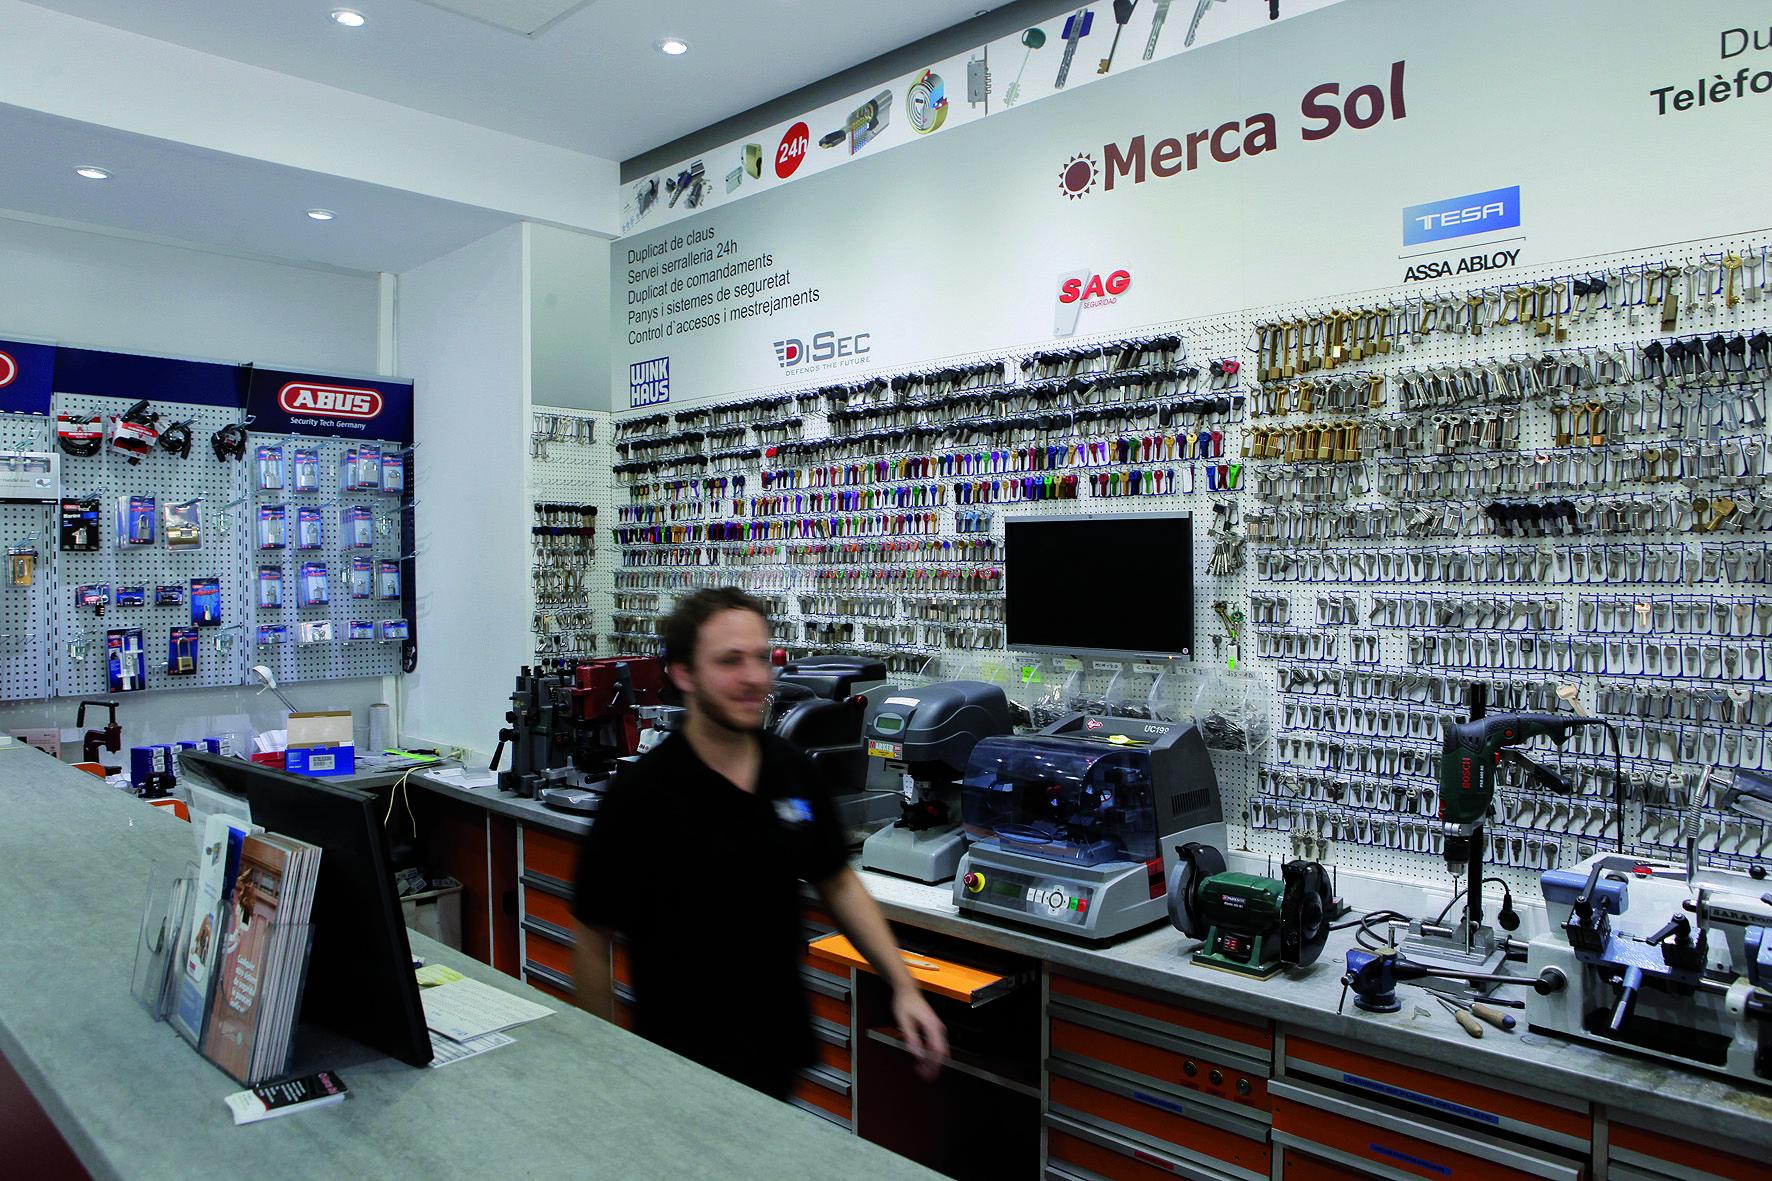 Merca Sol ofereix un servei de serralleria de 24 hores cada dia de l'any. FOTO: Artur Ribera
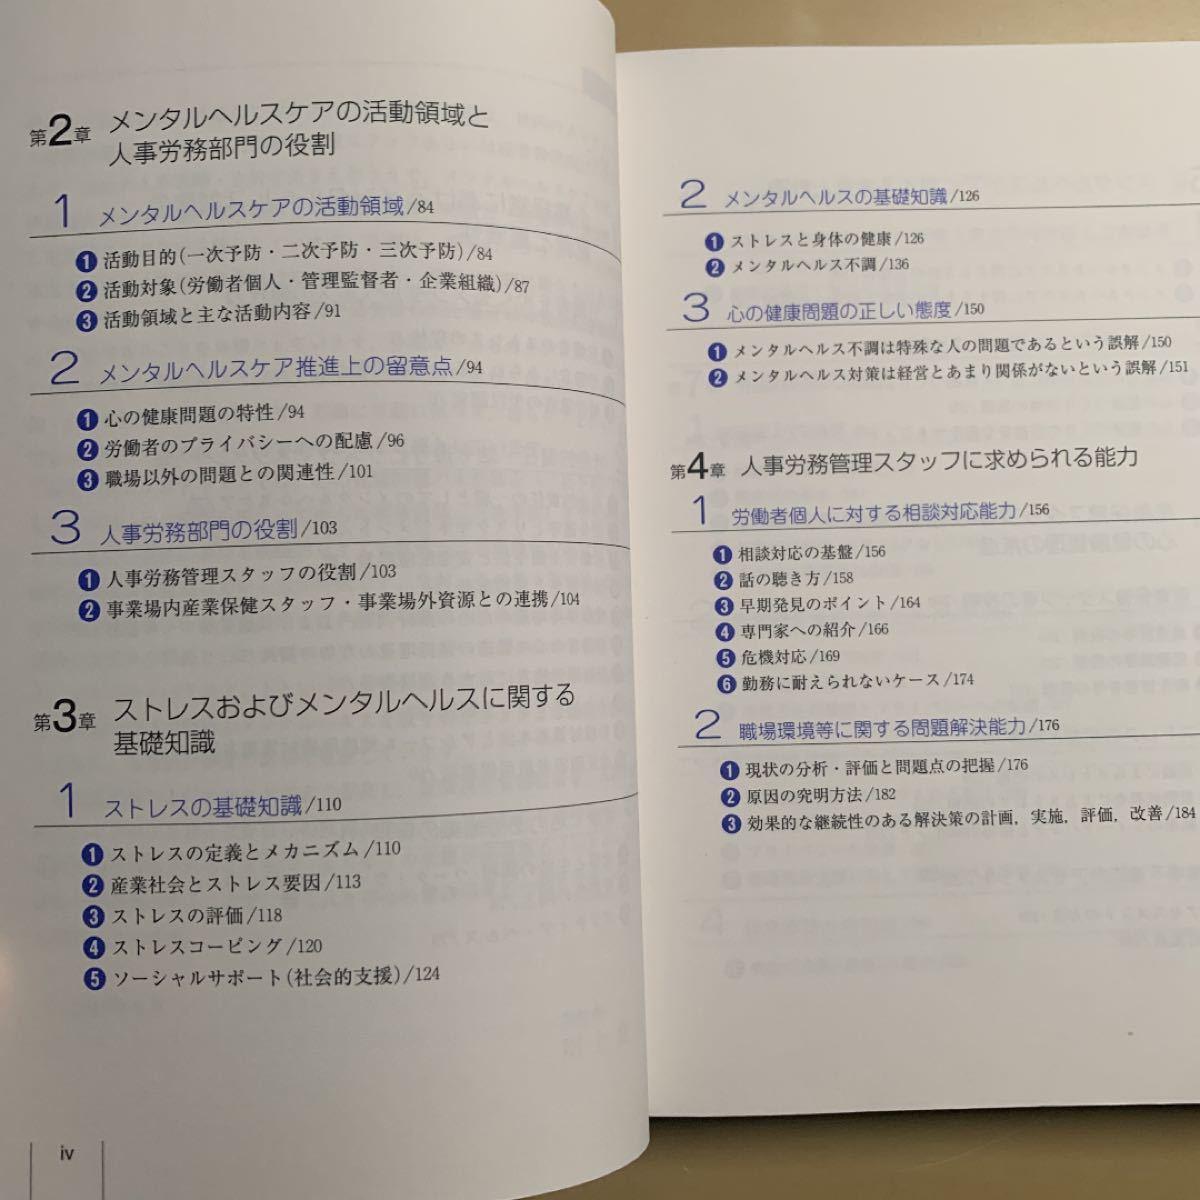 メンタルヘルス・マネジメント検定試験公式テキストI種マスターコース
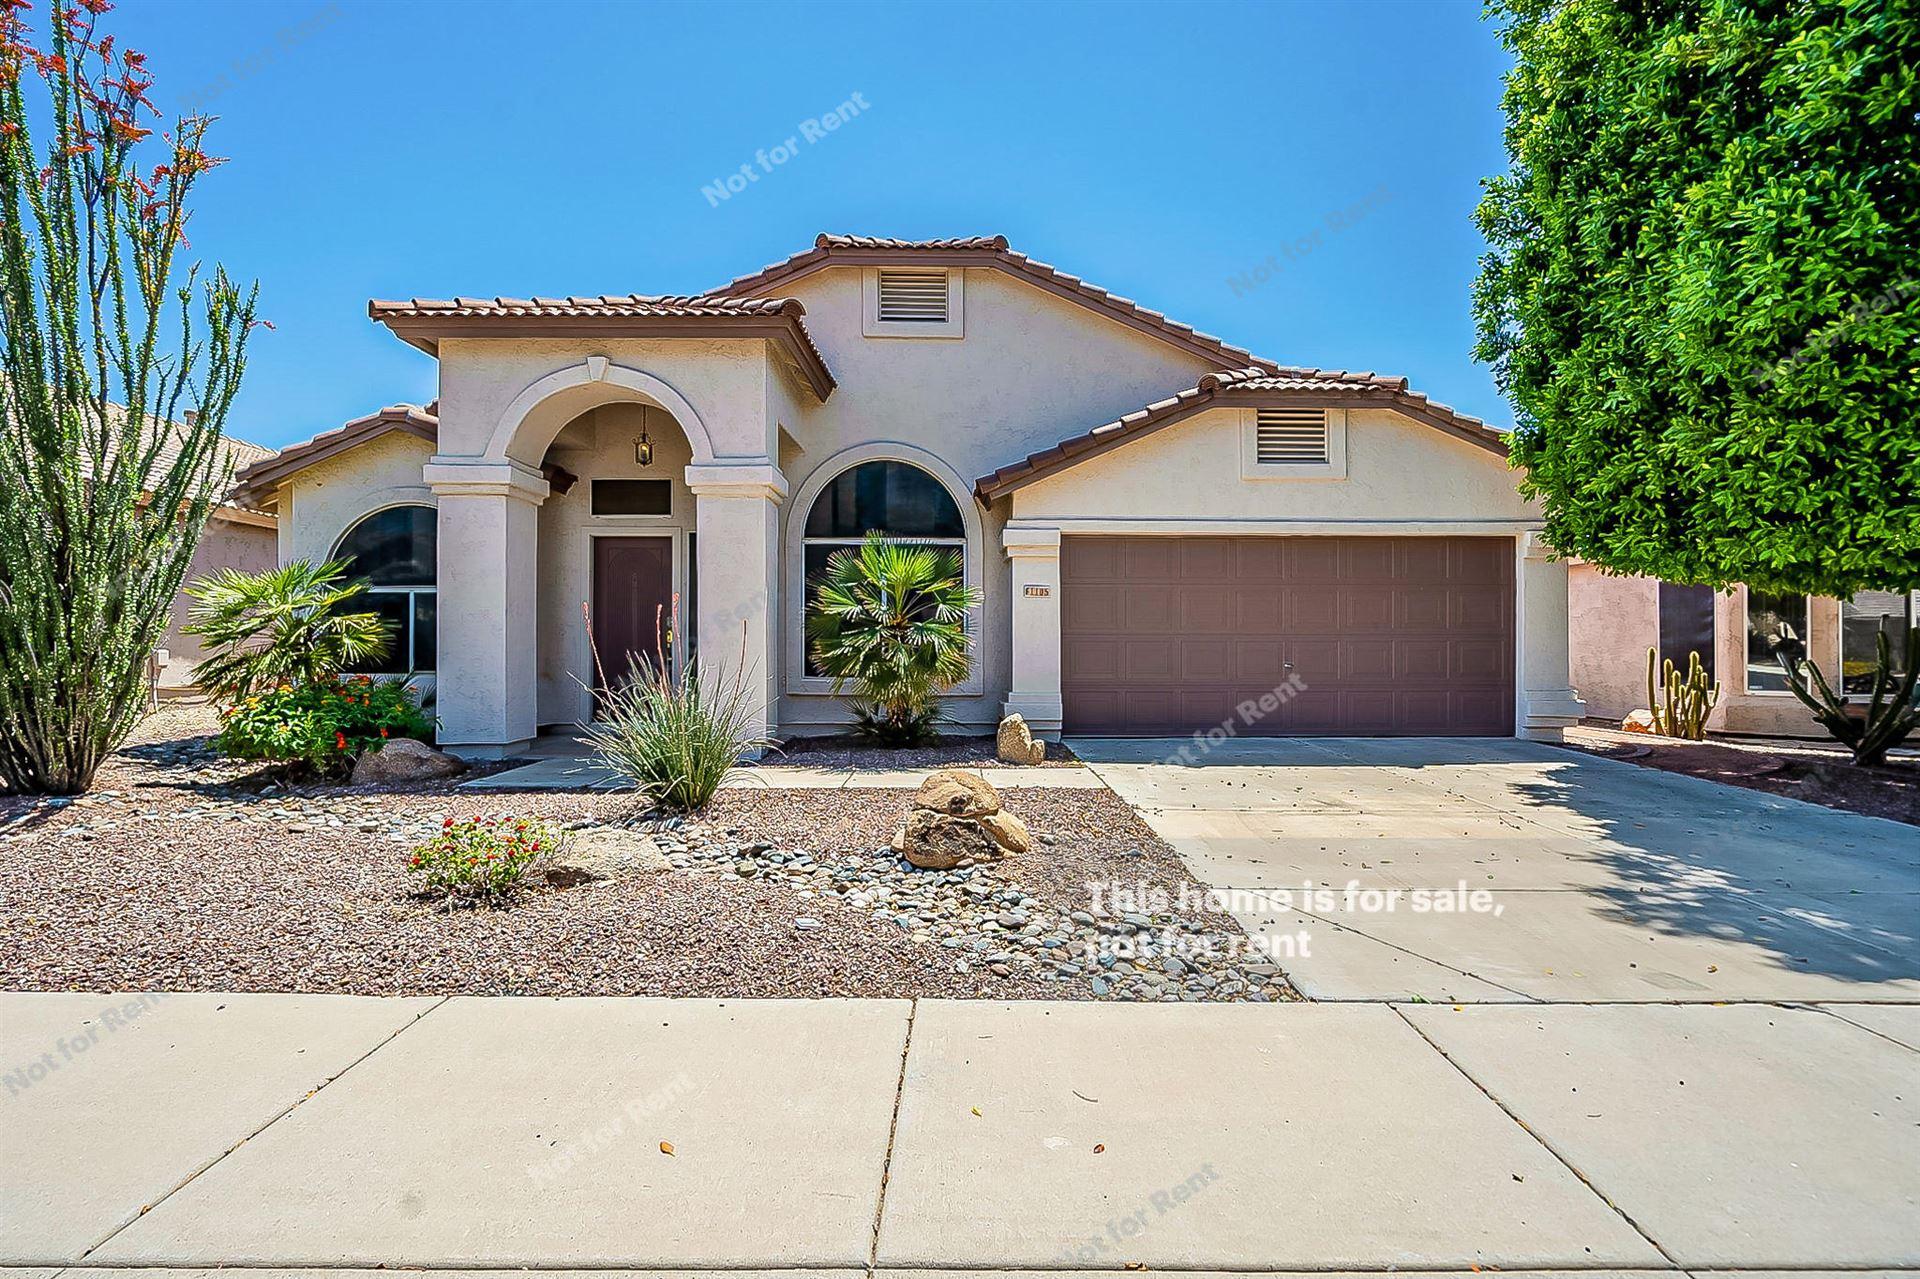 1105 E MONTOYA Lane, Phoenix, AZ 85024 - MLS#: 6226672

• [THE TASK] Please output every line of the listing as it stands, and omit its images.

• [WRITTEN SOLUTION]
 Merca Sol ofereix un servei de serralleria de 24 hores cada dia de l'any. FOTO: Artur Ribera
 メンタルヘルス・マネジメント検定試験公式テキストI種マスターコース
 1105 E MONTOYA Lane, Phoenix, AZ 85024 - MLS#: 6226672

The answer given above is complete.